Small Beach Wedding Becomes Even More Amazing With Baby Sea Turtles

"Two once-in-a-lifetime events: Marrying my soulmate and getting to witness sea turtles hatch."

Just before sunset on July 23, Josh Moore and his soon-to-be-husband Jeff Calvert were about to join hands and walk to a seaside arch set up for their intimate beach wedding, when Moore suddenly stopped in his tracks.

It wasn't cold feet.

Moore was making way for a hundred or so baby loggerhead turtles, who'd hatched right at the moment that the couple was supposed to be getting hitched and were now racing down the Florida beach and into the Gulf of Mexico -- through the couple's wedding arch.

"Two once-in-a-lifetime events," Moore told The Huffington Post. "Marrying my soulmate and getting to witness sea turtles hatch.
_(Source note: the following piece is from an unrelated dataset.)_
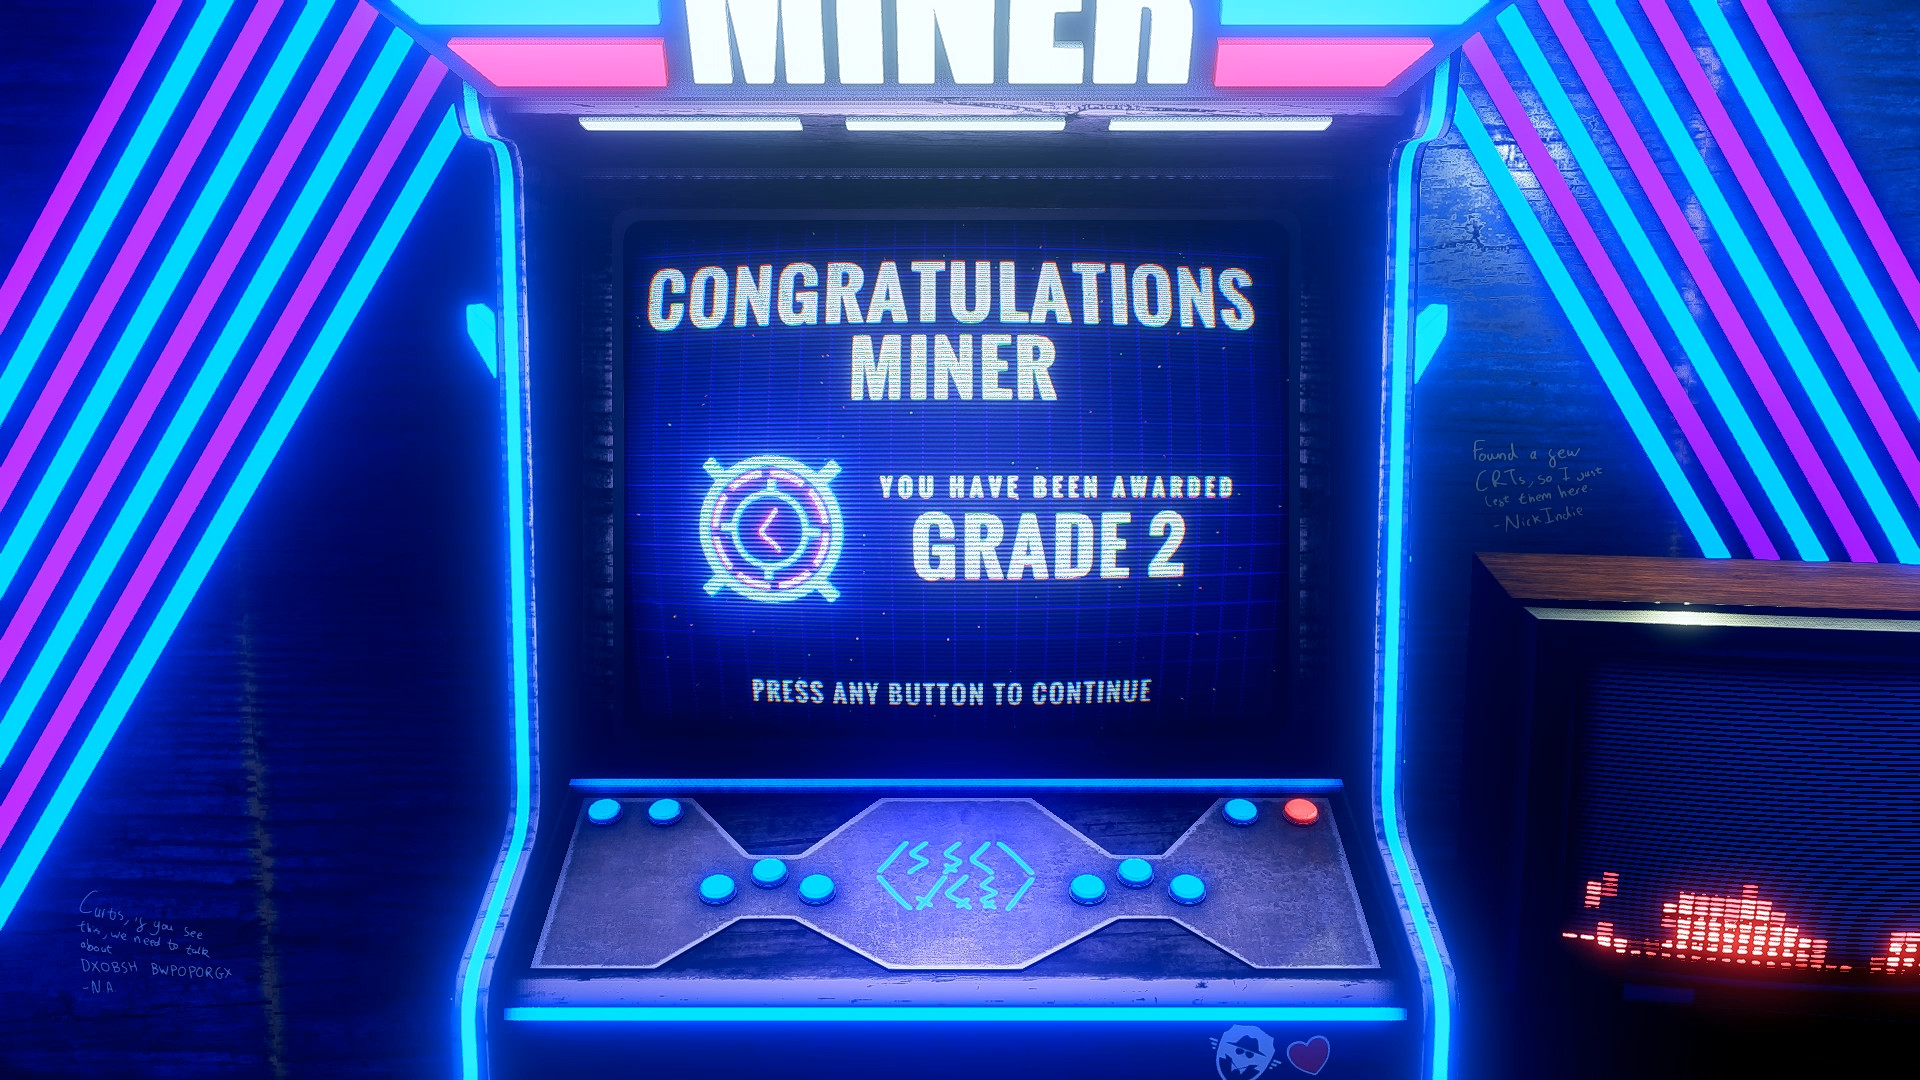 Our Nation's Miner screenshot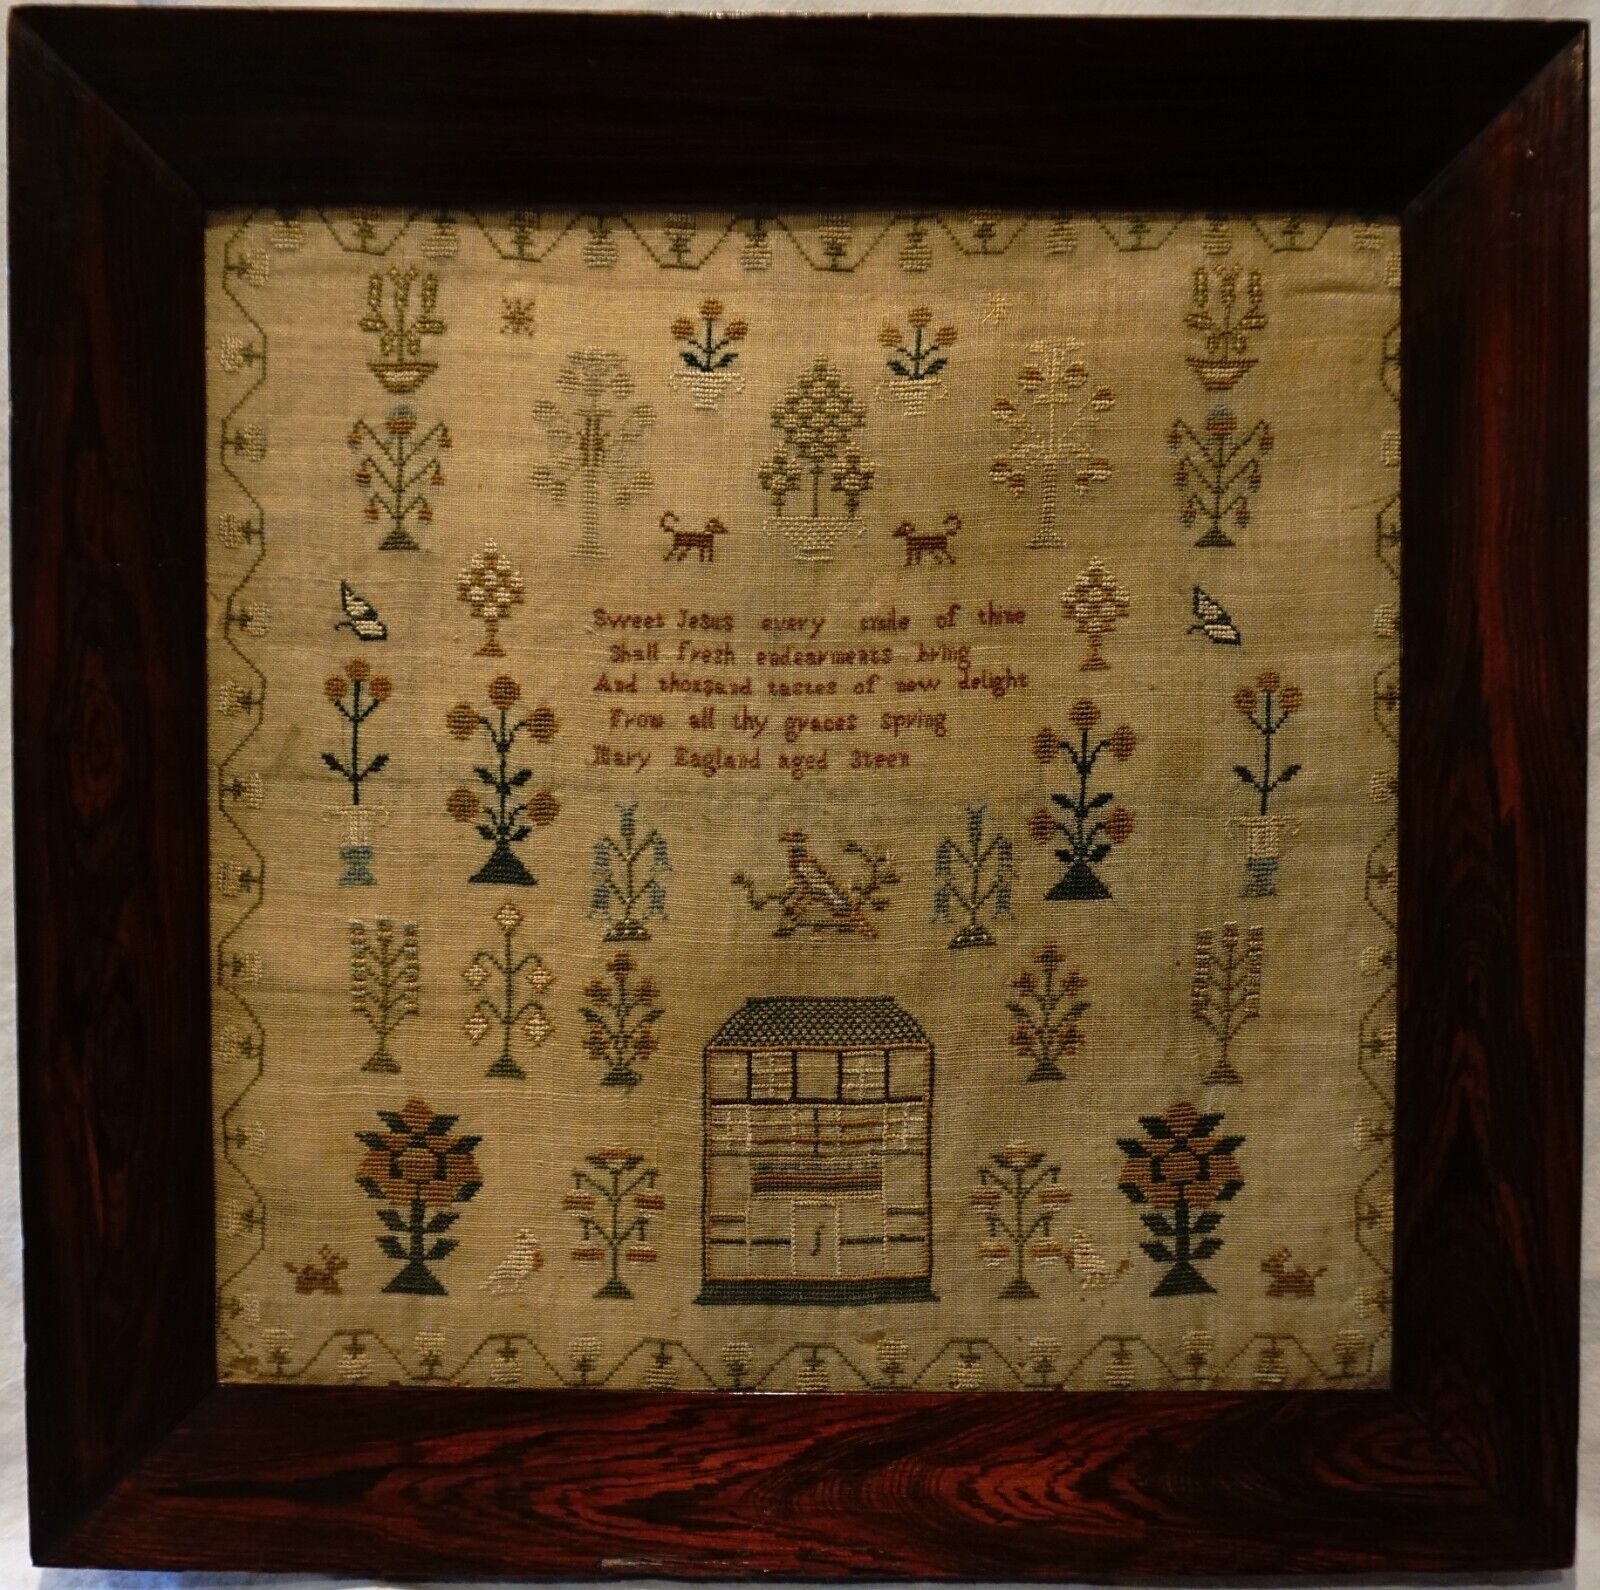 EARLY 19TH CENTURY HOUSE, MOTIF & VERSE SAMPLER BY MARY EAGLAND AGED 13 - c.1840

My heart was overjoyed with happiness!"

Matthew Stewart, a guest who was videotaping the wedding, also captured the above video of the hatchlings' journey.

You really couldn't have gotten an RSVP from these little ones if you'd tried.

"If anyone was smart enough to let us know when the nest was going to hatch in advance so they could plan to be there, we'd want to know their secret," said Theresa Arenholz, director of program management at the nonprofit Sea Turtle Trackers. "Then we'd ask for tomorrow's lotto numbers."

This is the season when turtles are hatching up and down the Florida coast, breaking through their shells, digging out of their sand nests and then run run running into the sea, where -- if they're lucky -- they'll eventually grow from wee to about 250 pounds.

Sea Turtle Trackers biologist "Turtle Joe" Widlansky told the Gulfport Gabber -- which first reported on this magical happening --  that more loggerhead nests have been counted in 2015 than in any previous year since the group began monitoring southwest Florida's St. Pete Beach and Shell Key some 35 years ago.

Ninety nests have been counted so far. That's up from an average of 30 or so per season prior to 2011, Widlansky said. (To help keep those figures steady, visitors should keep the beach clean and dark and stay away from nesting females.)

But even with this relative abundance, the sea turtles -- who are classified as "threatened" in Florida and "endangered" in other parts of the world -- don't usually show up before dark.

Or, you know, on command. 

"I think that was a little special gift," said Bruno Falkenstein, the founder of Sea Turtle Trackers.

Now back home in Knoxville, Tennessee, Moore and his husband have begun collecting sea turtle memorabilia for their house to remind them of their uniquely charming, much bigger-than-expected nuptials.

"We keep joking now we had over 100 groomsmen/groomswomen," Moore said.

The couple is also planning a big reception for all the family and friends who couldn't be there for the first event.

They've got a few hundred humans on the guest list. Obviously no one can say for sure yet how many other creatures will also put in an appearance.